Work request:
Retype all of the records shown beneath this task, exactly as they stand.

Available data:
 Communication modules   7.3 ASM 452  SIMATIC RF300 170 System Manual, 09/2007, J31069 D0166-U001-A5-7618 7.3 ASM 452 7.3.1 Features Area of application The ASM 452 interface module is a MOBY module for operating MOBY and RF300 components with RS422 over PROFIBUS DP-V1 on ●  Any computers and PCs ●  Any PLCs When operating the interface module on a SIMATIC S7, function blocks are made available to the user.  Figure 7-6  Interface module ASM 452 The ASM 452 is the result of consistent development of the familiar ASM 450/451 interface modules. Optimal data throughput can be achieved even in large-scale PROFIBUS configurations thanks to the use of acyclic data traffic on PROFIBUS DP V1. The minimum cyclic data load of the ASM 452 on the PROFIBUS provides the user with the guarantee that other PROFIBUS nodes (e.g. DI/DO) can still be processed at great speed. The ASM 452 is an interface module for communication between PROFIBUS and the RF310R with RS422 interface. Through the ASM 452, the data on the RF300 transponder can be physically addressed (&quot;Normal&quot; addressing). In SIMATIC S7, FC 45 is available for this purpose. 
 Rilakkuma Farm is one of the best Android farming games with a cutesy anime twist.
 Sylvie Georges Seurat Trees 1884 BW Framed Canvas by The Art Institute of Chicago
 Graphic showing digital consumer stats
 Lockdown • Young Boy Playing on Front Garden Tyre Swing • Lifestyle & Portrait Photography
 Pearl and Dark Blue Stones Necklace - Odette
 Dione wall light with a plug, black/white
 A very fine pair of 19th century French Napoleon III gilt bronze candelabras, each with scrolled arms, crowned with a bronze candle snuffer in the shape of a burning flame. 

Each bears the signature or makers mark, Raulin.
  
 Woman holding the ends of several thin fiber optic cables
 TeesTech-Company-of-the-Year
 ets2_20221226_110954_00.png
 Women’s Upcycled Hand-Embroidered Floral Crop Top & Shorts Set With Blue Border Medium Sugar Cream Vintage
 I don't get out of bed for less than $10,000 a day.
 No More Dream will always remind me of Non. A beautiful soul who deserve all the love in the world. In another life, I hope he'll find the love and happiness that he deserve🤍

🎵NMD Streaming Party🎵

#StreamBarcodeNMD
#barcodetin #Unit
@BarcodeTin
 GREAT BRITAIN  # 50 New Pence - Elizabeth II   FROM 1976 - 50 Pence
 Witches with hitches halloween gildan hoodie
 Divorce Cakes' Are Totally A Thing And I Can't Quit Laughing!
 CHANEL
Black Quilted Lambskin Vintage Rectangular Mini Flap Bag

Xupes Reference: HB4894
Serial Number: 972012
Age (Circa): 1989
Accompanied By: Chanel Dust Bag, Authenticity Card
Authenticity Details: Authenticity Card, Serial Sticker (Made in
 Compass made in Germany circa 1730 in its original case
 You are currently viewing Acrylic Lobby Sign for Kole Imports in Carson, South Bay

Task solution:
 Communication modules   7.3 ASM 452  SIMATIC RF300 170 System Manual, 09/2007, J31069 D0166-U001-A5-7618 7.3 ASM 452 7.3.1 Features Area of application The ASM 452 interface module is a MOBY module for operating MOBY and RF300 components with RS422 over PROFIBUS DP-V1 on ●  Any computers and PCs ●  Any PLCs When operating the interface module on a SIMATIC S7, function blocks are made available to the user.  Figure 7-6  Interface module ASM 452 The ASM 452 is the result of consistent development of the familiar ASM 450/451 interface modules. Optimal data throughput can be achieved even in large-scale PROFIBUS configurations thanks to the use of acyclic data traffic on PROFIBUS DP V1. The minimum cyclic data load of the ASM 452 on the PROFIBUS provides the user with the guarantee that other PROFIBUS nodes (e.g. DI/DO) can still be processed at great speed. The ASM 452 is an interface module for communication between PROFIBUS and the RF310R with RS422 interface. Through the ASM 452, the data on the RF300 transponder can be physically addressed (&quot;Normal&quot; addressing). In SIMATIC S7, FC 45 is available for this purpose. 
 Rilakkuma Farm is one of the best Android farming games with a cutesy anime twist.
 Sylvie Georges Seurat Trees 1884 BW Framed Canvas by The Art Institute of Chicago
 Graphic showing digital consumer stats
 Lockdown • Young Boy Playing on Front Garden Tyre Swing • Lifestyle & Portrait Photography
 Pearl and Dark Blue Stones Necklace - Odette
 Dione wall light with a plug, black/white
 A very fine pair of 19th century French Napoleon III gilt bronze candelabras, each with scrolled arms, crowned with a bronze candle snuffer in the shape of a burning flame. 

Each bears the signature or makers mark, Raulin.
  
 Woman holding the ends of several thin fiber optic cables
 TeesTech-Company-of-the-Year
 ets2_20221226_110954_00.png
 Women’s Upcycled Hand-Embroidered Floral Crop Top & Shorts Set With Blue Border Medium Sugar Cream Vintage
 I don't get out of bed for less than $10,000 a day.
 No More Dream will always remind me of Non. A beautiful soul who deserve all the love in the world. In another life, I hope he'll find the love and happiness that he deserve🤍

🎵NMD Streaming Party🎵

#StreamBarcodeNMD
#barcodetin #Unit
@BarcodeTin
 GREAT BRITAIN  # 50 New Pence - Elizabeth II   FROM 1976 - 50 Pence
 Witches with hitches halloween gildan hoodie
 Divorce Cakes' Are Totally A Thing And I Can't Quit Laughing!
 CHANEL
Black Quilted Lambskin Vintage Rectangular Mini Flap Bag

Xupes Reference: HB4894
Serial Number: 972012
Age (Circa): 1989
Accompanied By: Chanel Dust Bag, Authenticity Card
Authenticity Details: Authenticity Card, Serial Sticker (Made in
 Compass made in Germany circa 1730 in its original case
 You are currently viewing Acrylic Lobby Sign for Kole Imports in Carson, South Bay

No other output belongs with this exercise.